» Problem details
None of the pictures should appear; the lines from the line containing "Nilavilakku Kerala Brass" through the last line of the listing must be repeated exactly.

» Data section
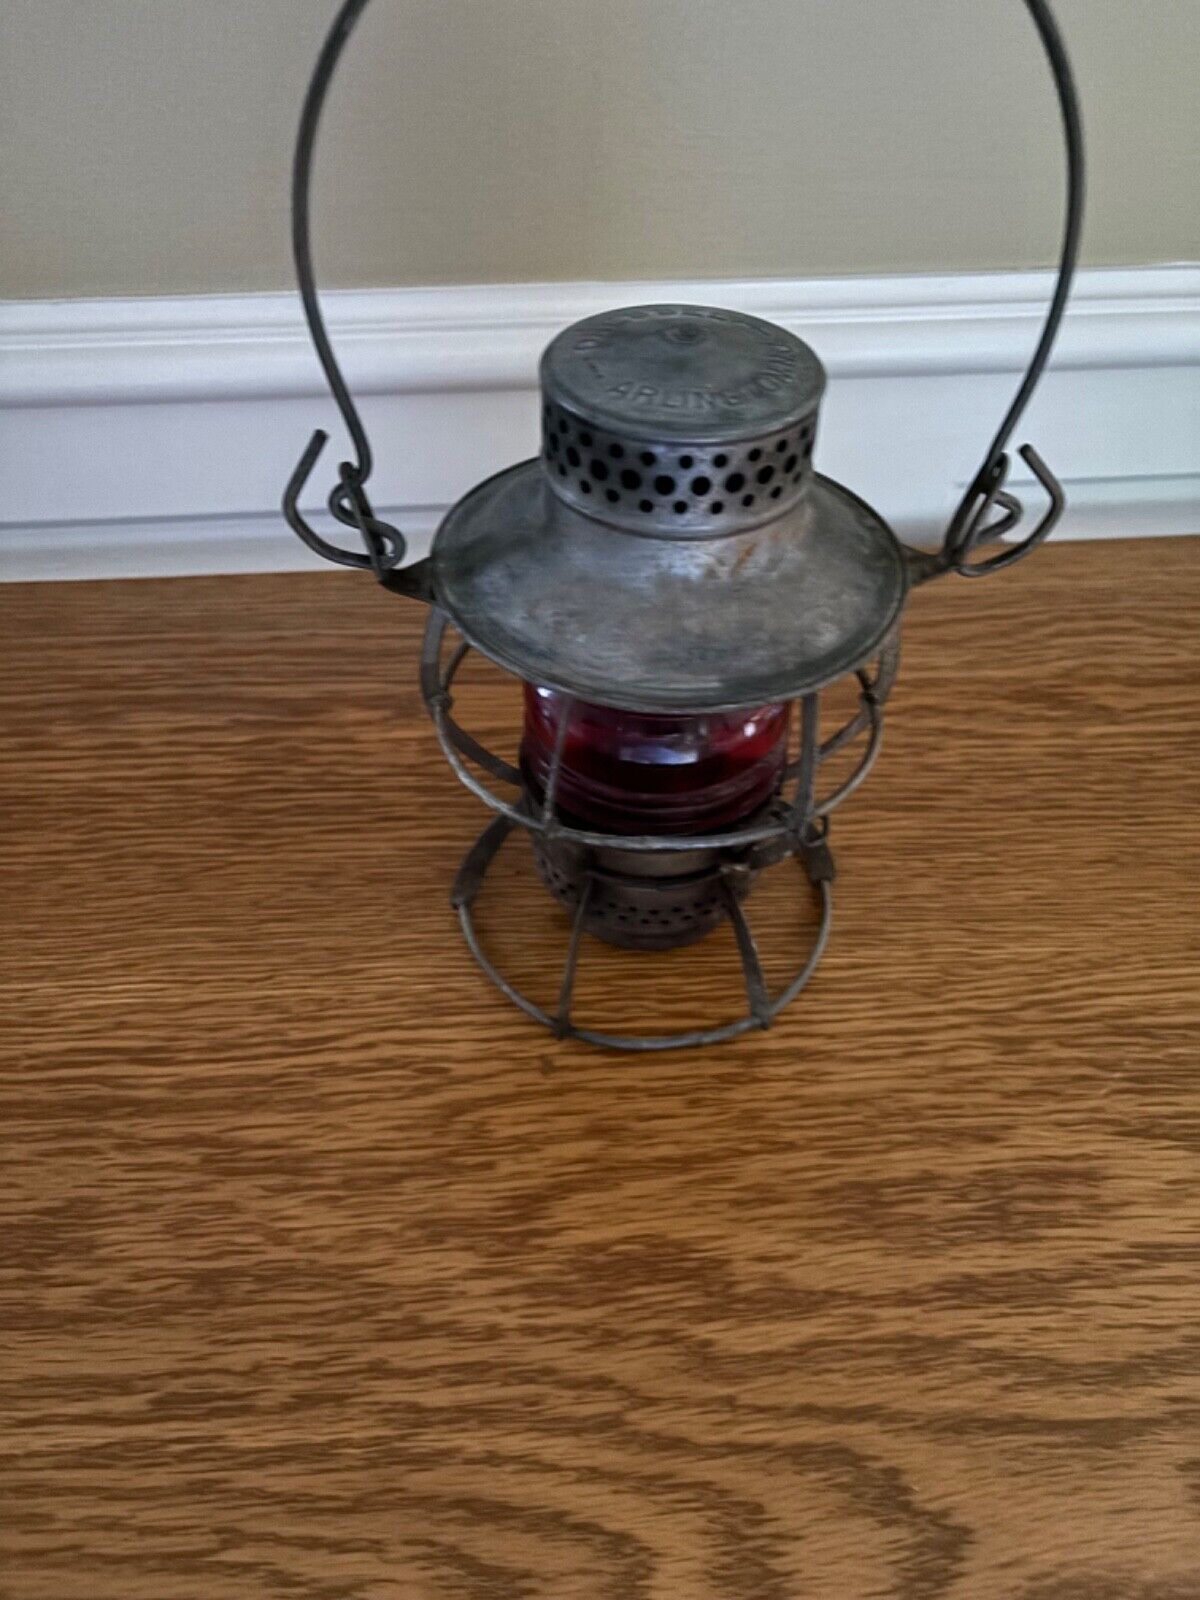 Vintage DRESSEL ARLINGTON Louisville and Nashville Railroad Lantern & Red Globe
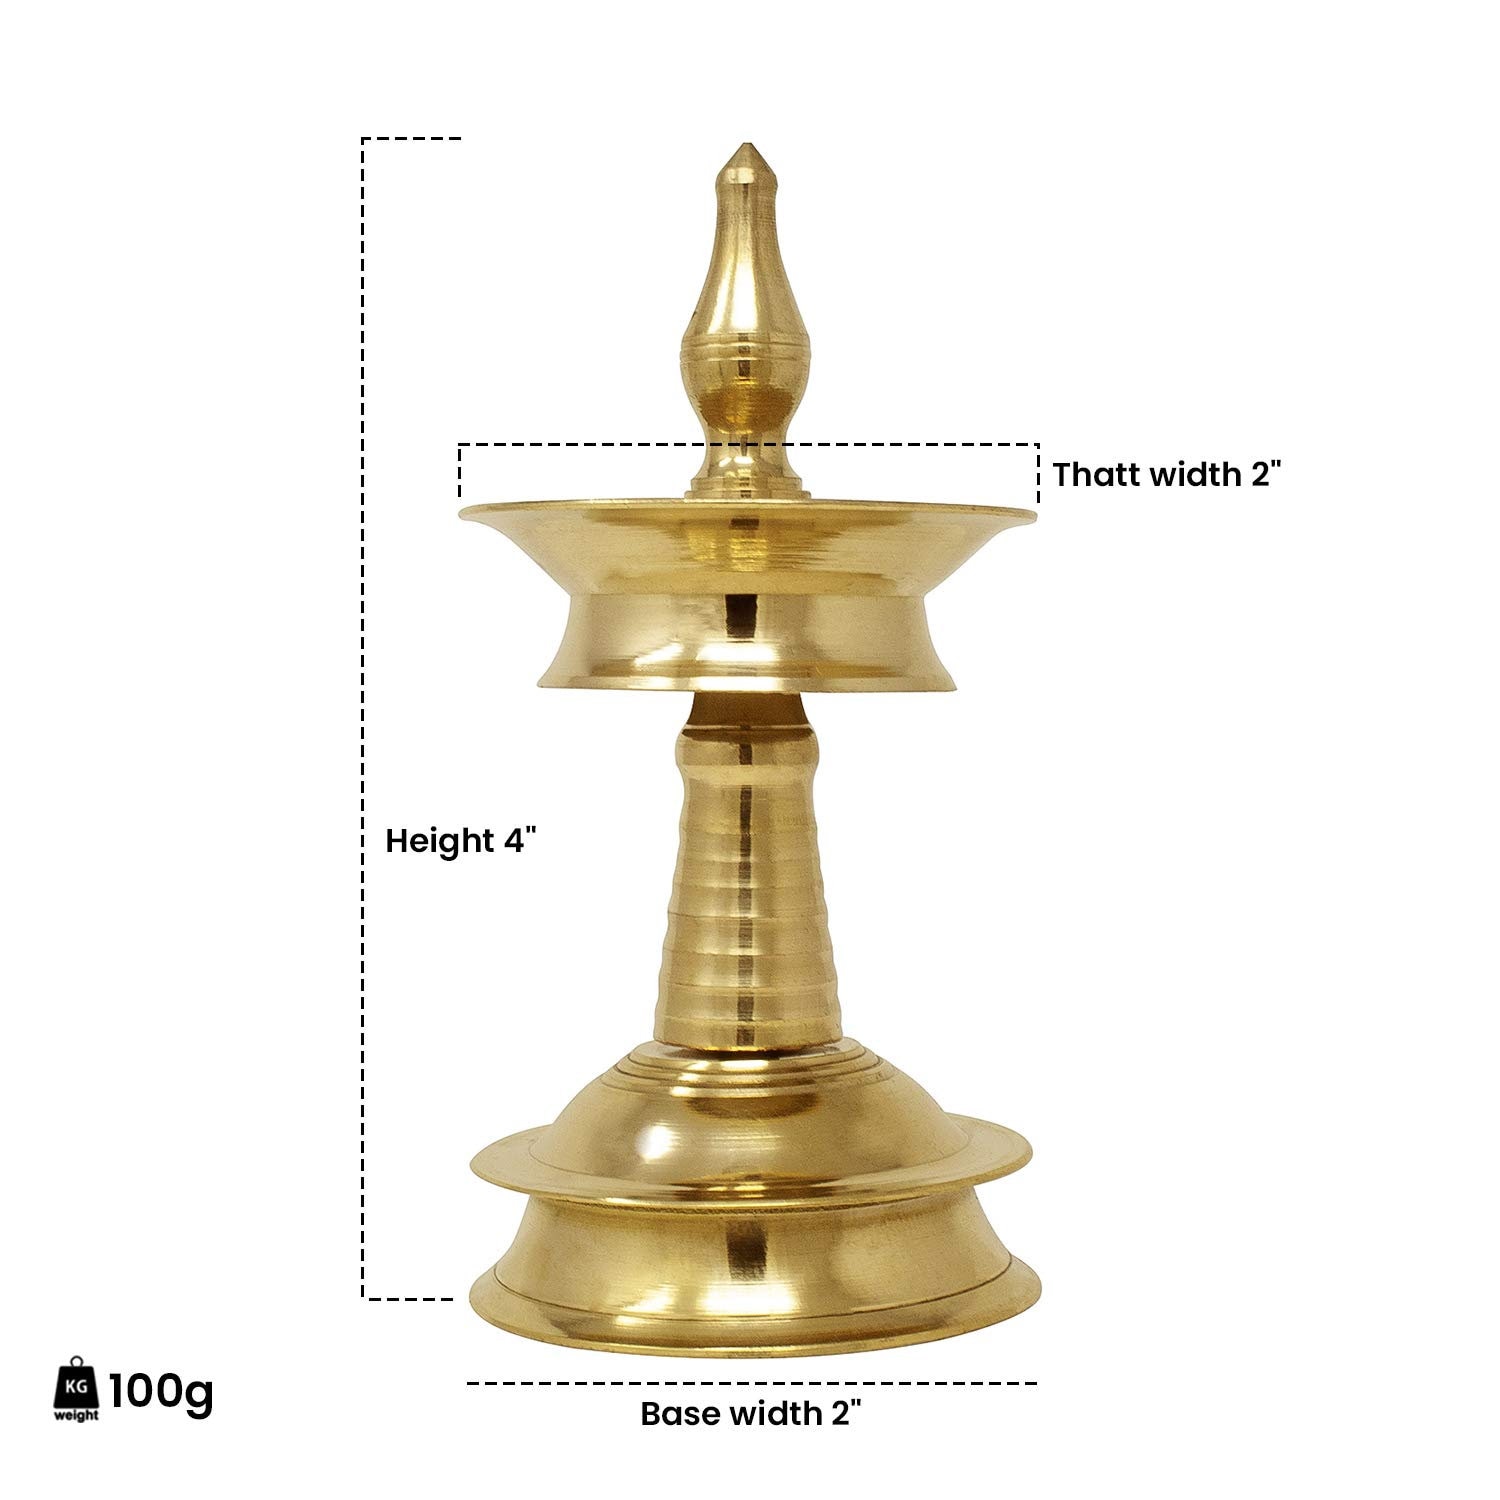 Nilavilakku Kerala Brass Oil Lamp for Pooja at Home, Office or
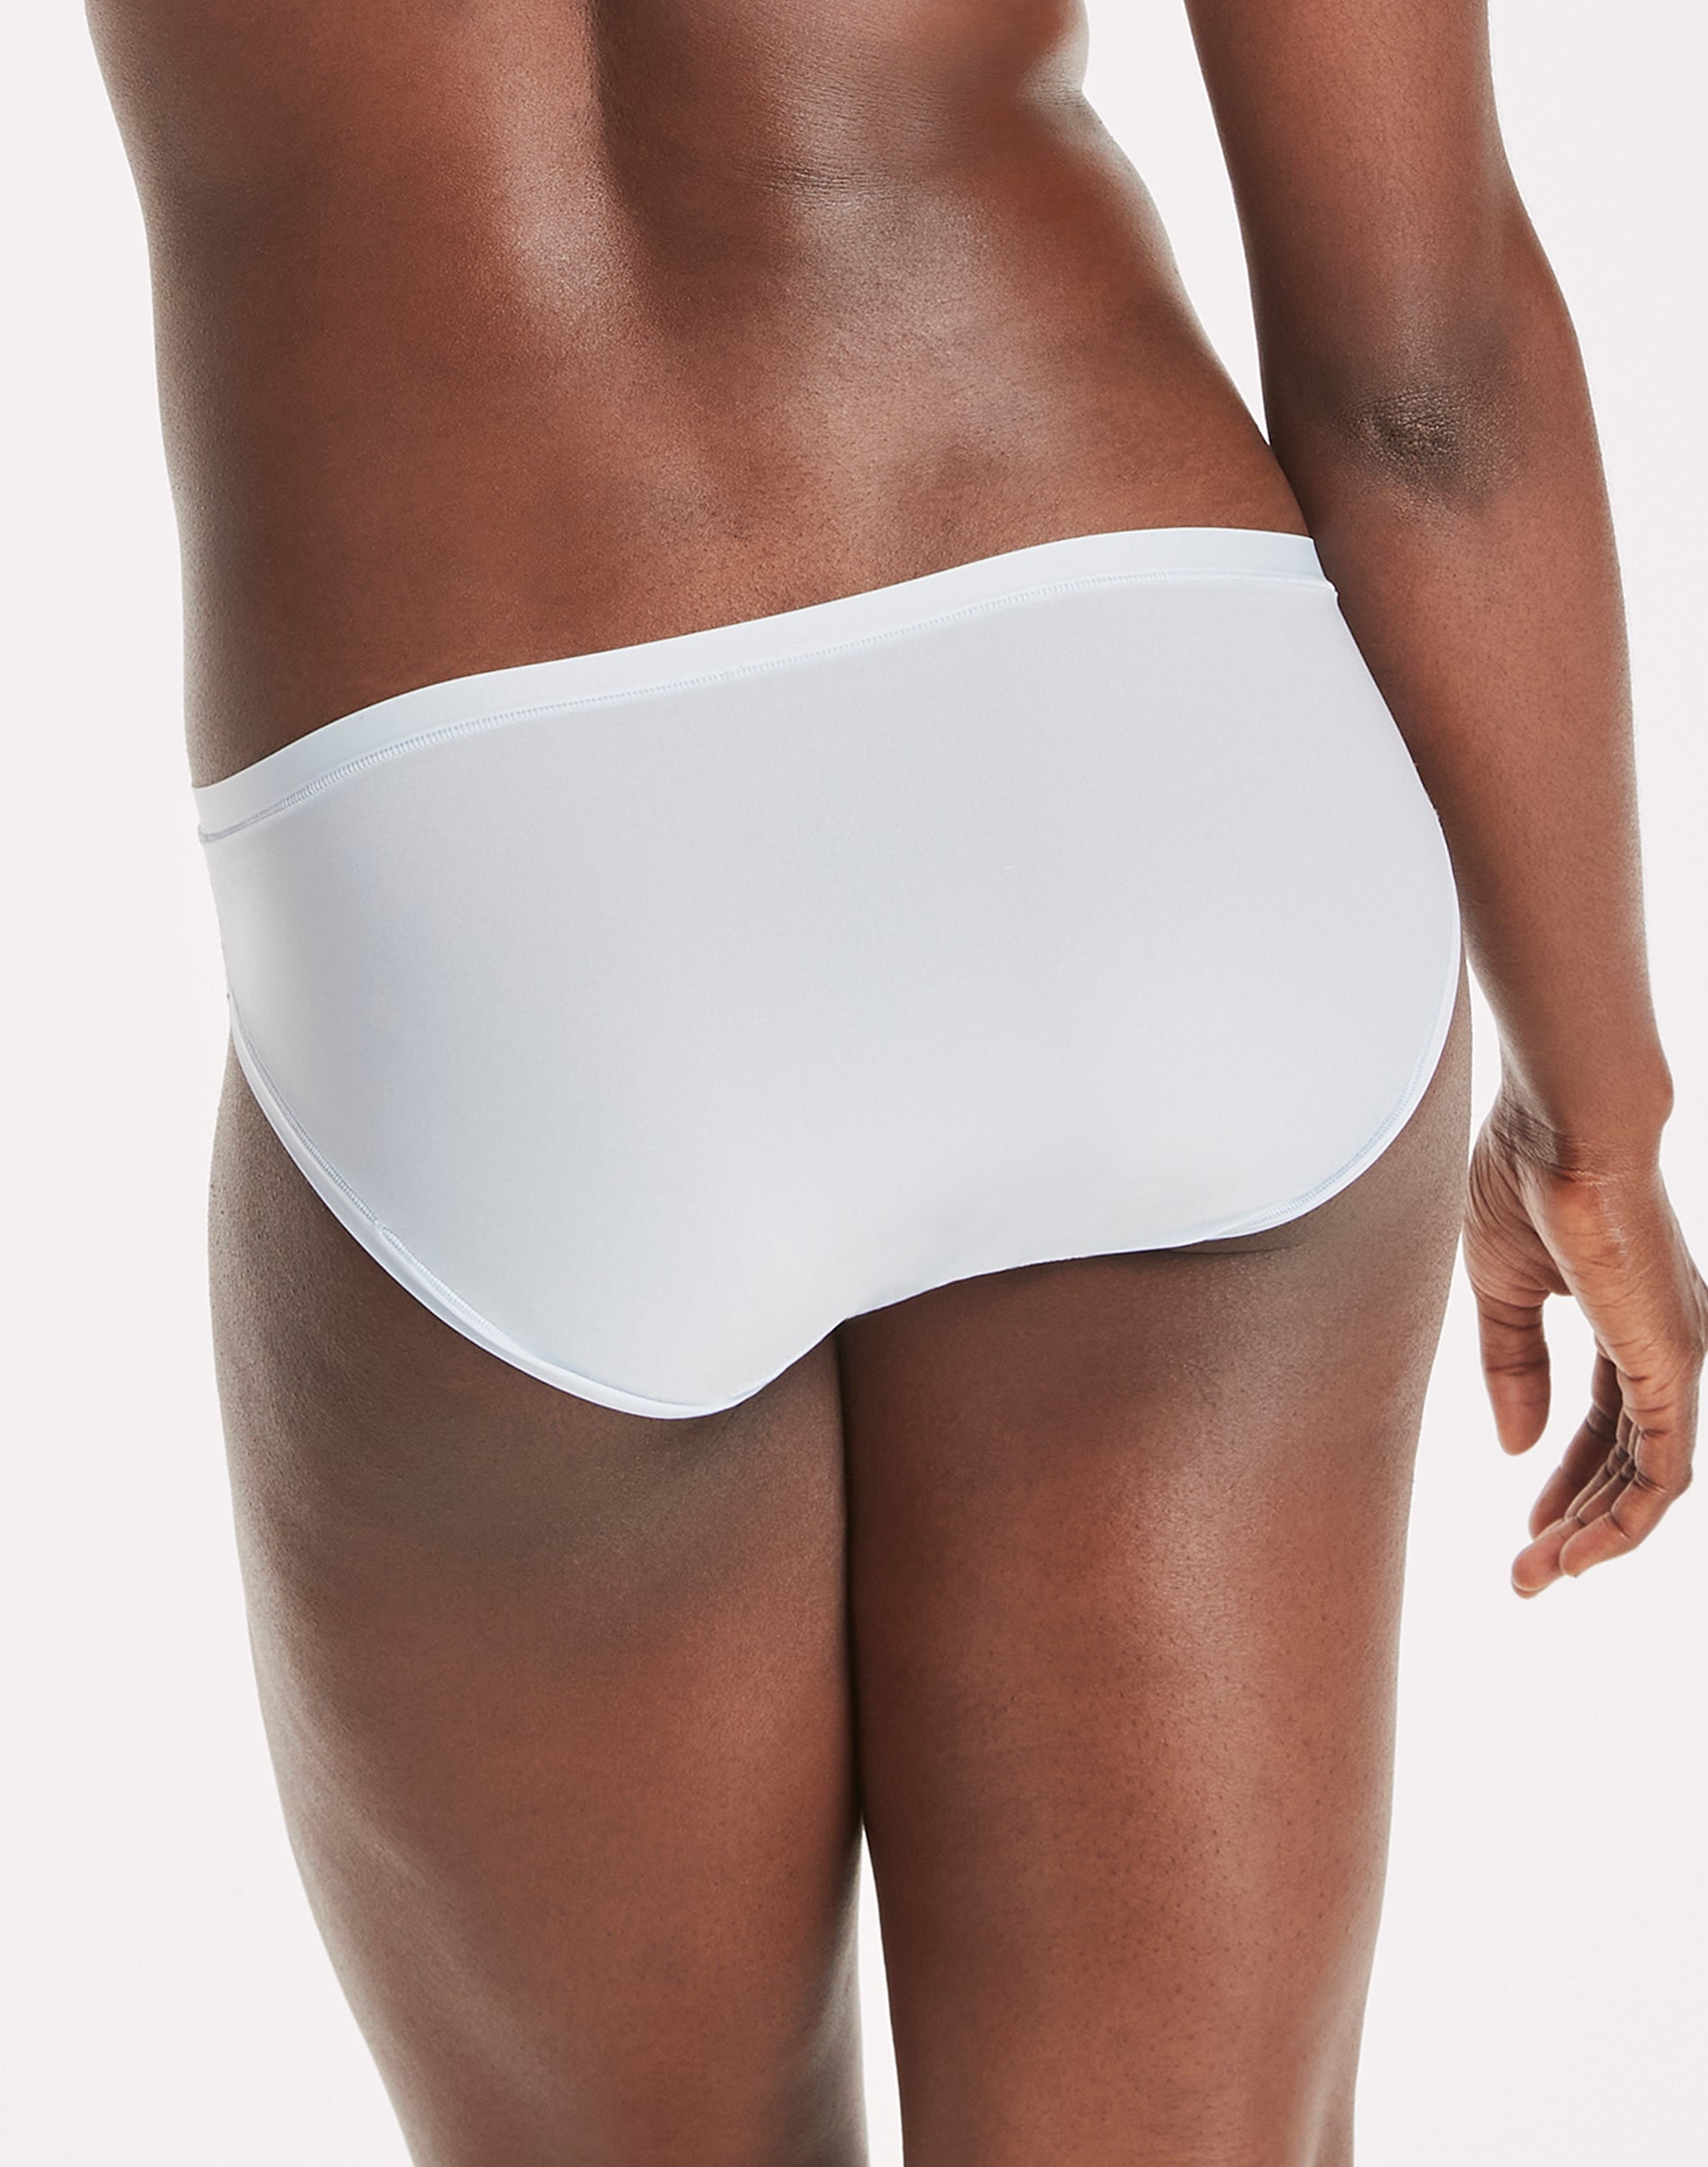 Hanes Women's Seamless Bikini Underwear, Comfort Flex Fit, 6-Pack

» Task result
 Nilavilakku Kerala Brass Oil Lamp for Pooja at Home, Office or
 Hanes Women's Seamless Bikini Underwear, Comfort Flex Fit, 6-Pack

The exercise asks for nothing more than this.